● What the task asks
For this exercise, retype all the data exactly and exclude every image.

● Given material
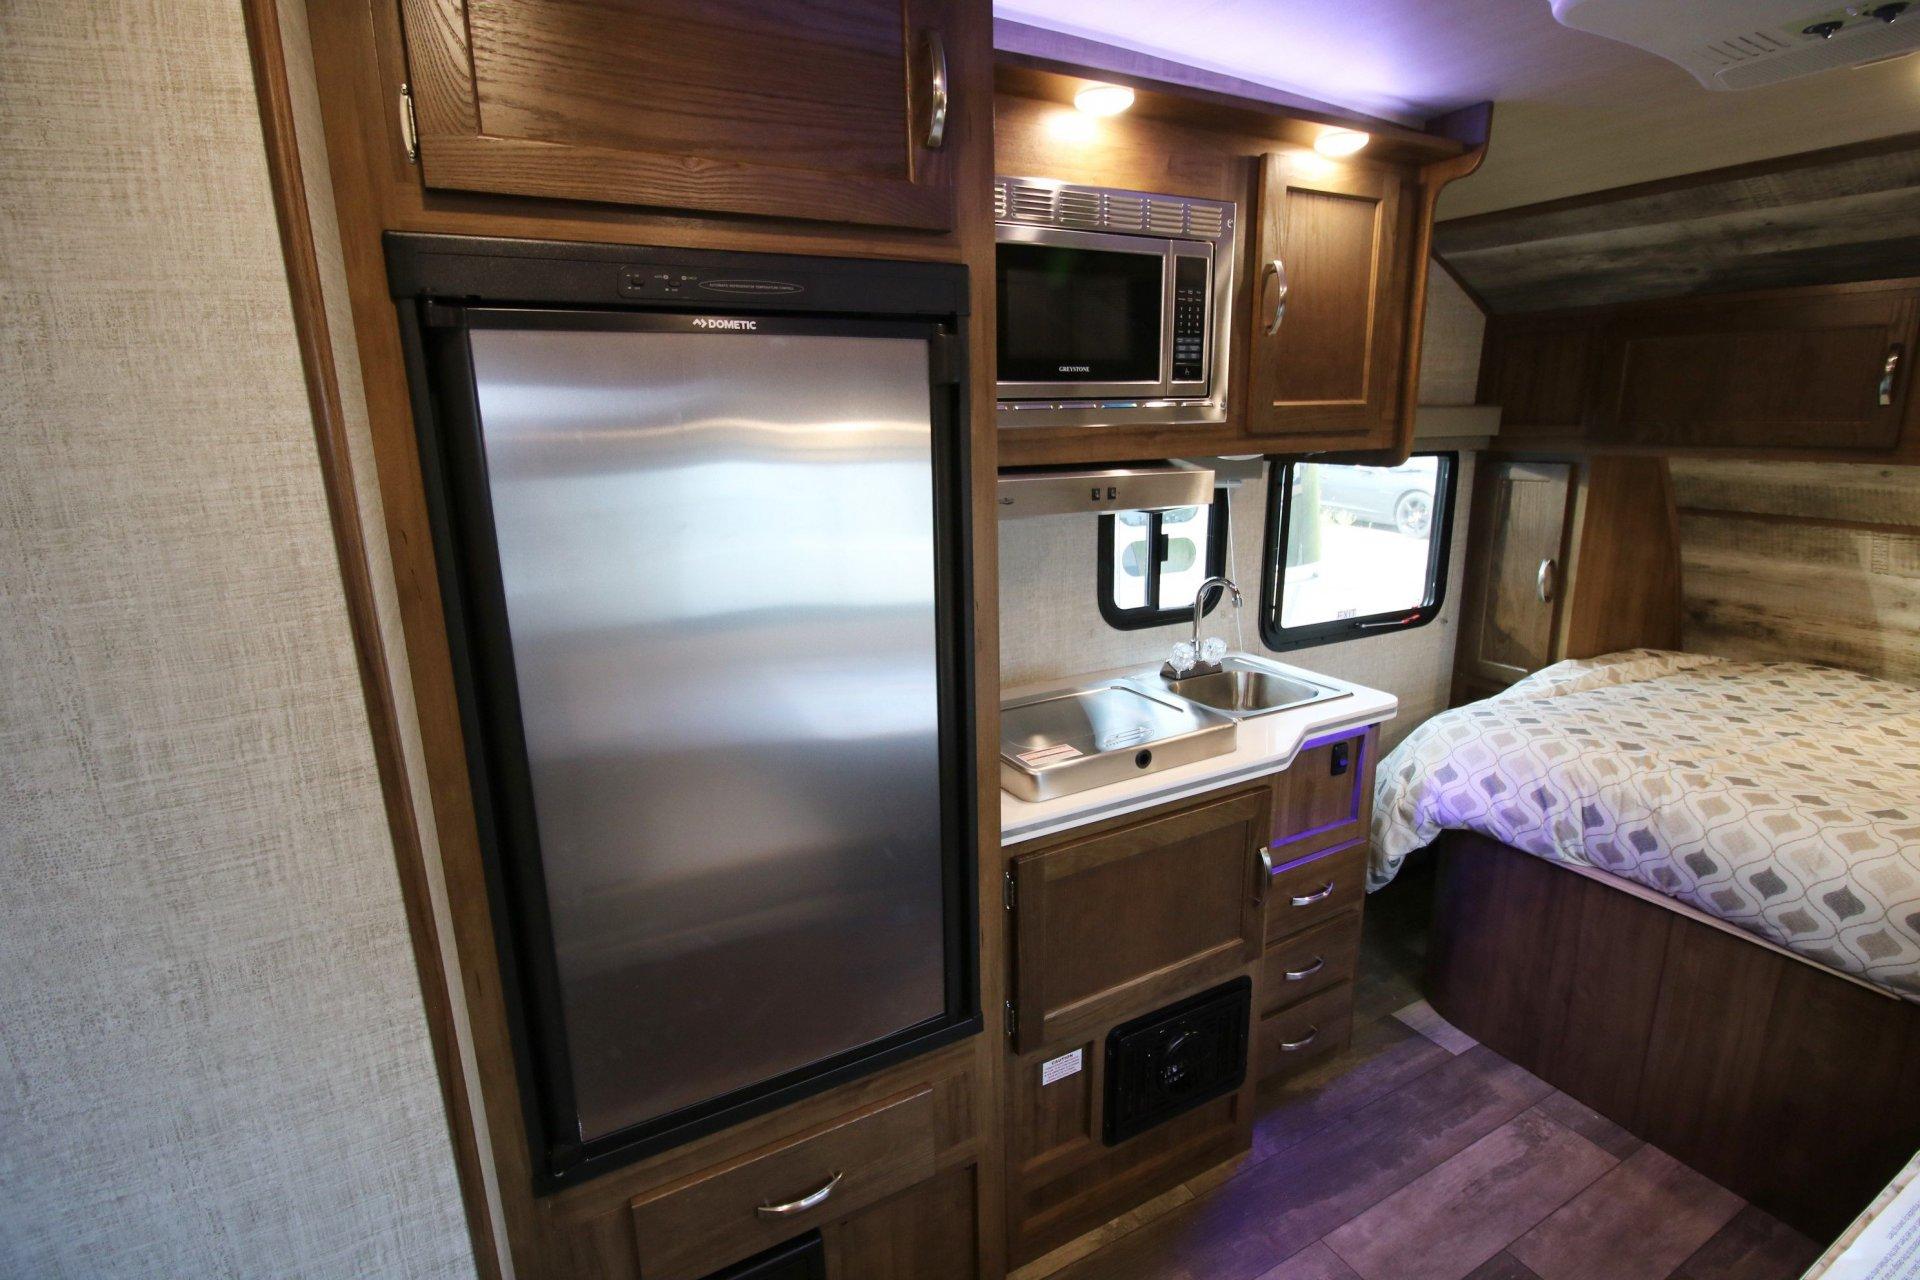 2021 GULFSTREAM VISTA CRUISER 17SCD - Airstreams   Campers ...
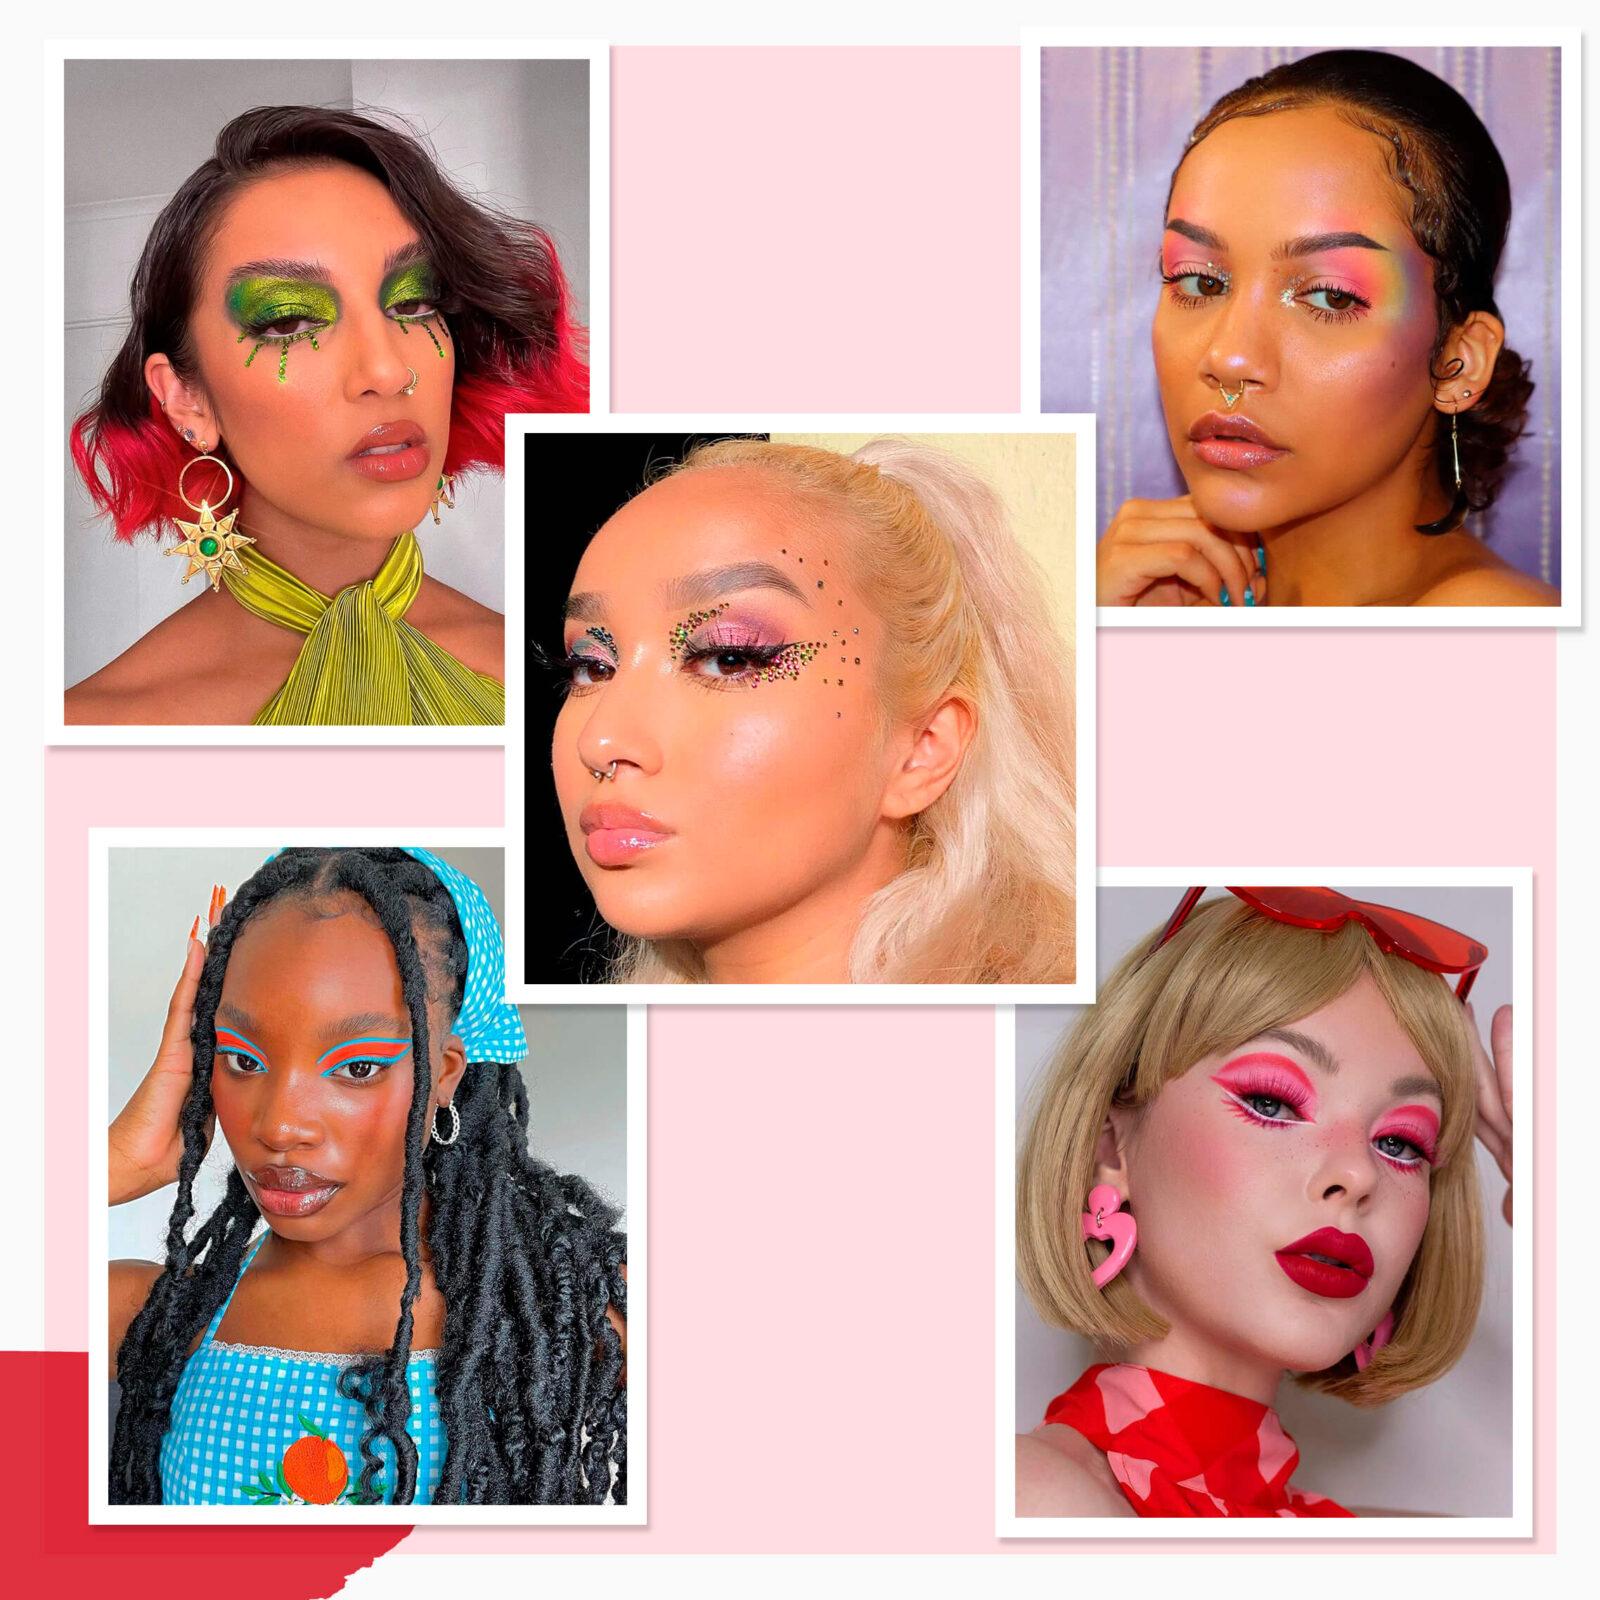 As marcas de maquiagem favoritas da geração Z
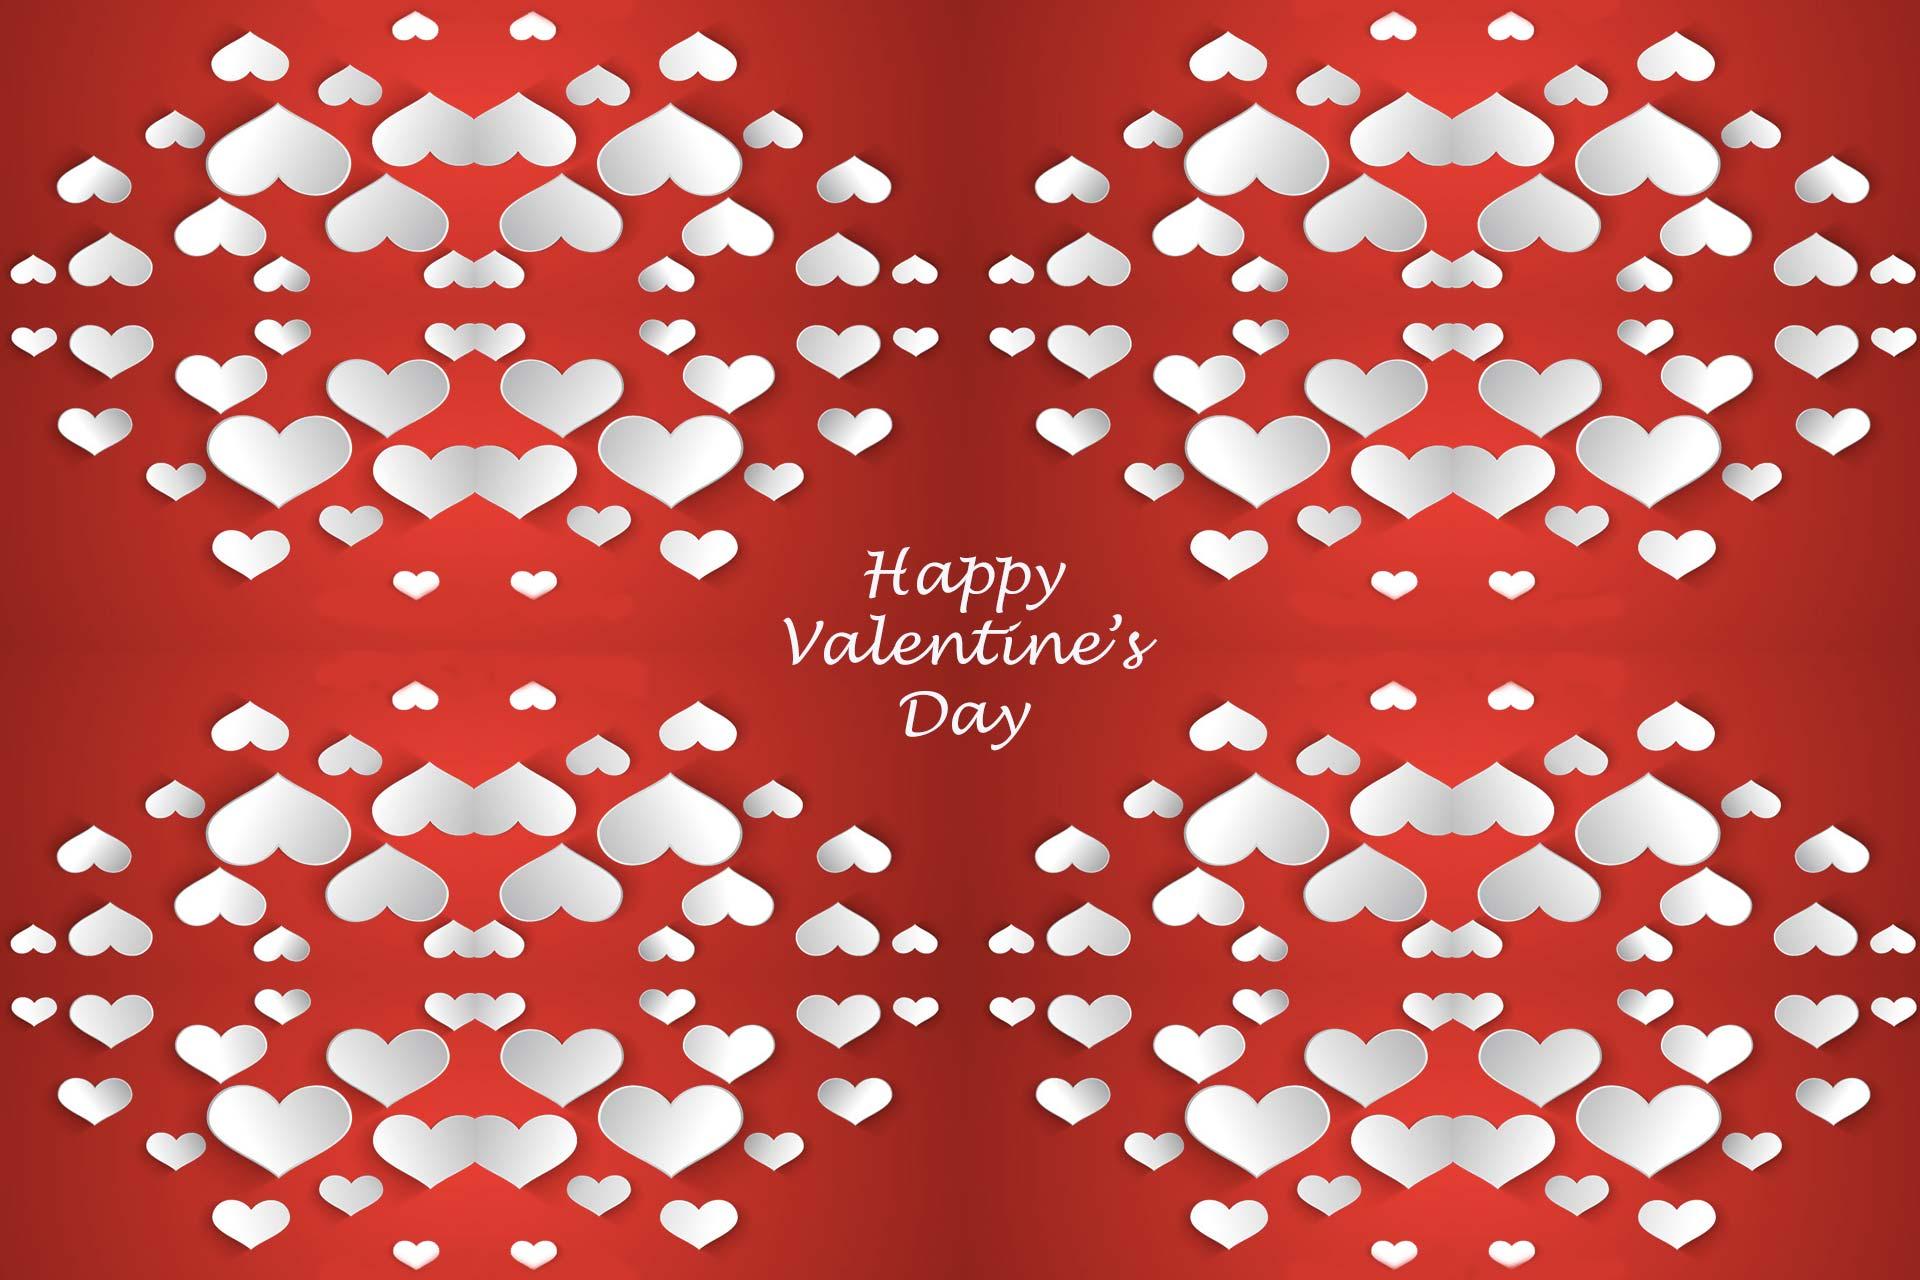 Valentine's Day around the world 3

● Answer for the task
 2021 GULFSTREAM VISTA CRUISER 17SCD - Airstreams   Campers ...
 As marcas de maquiagem favoritas da geração Z
 Valentine's Day around the world 3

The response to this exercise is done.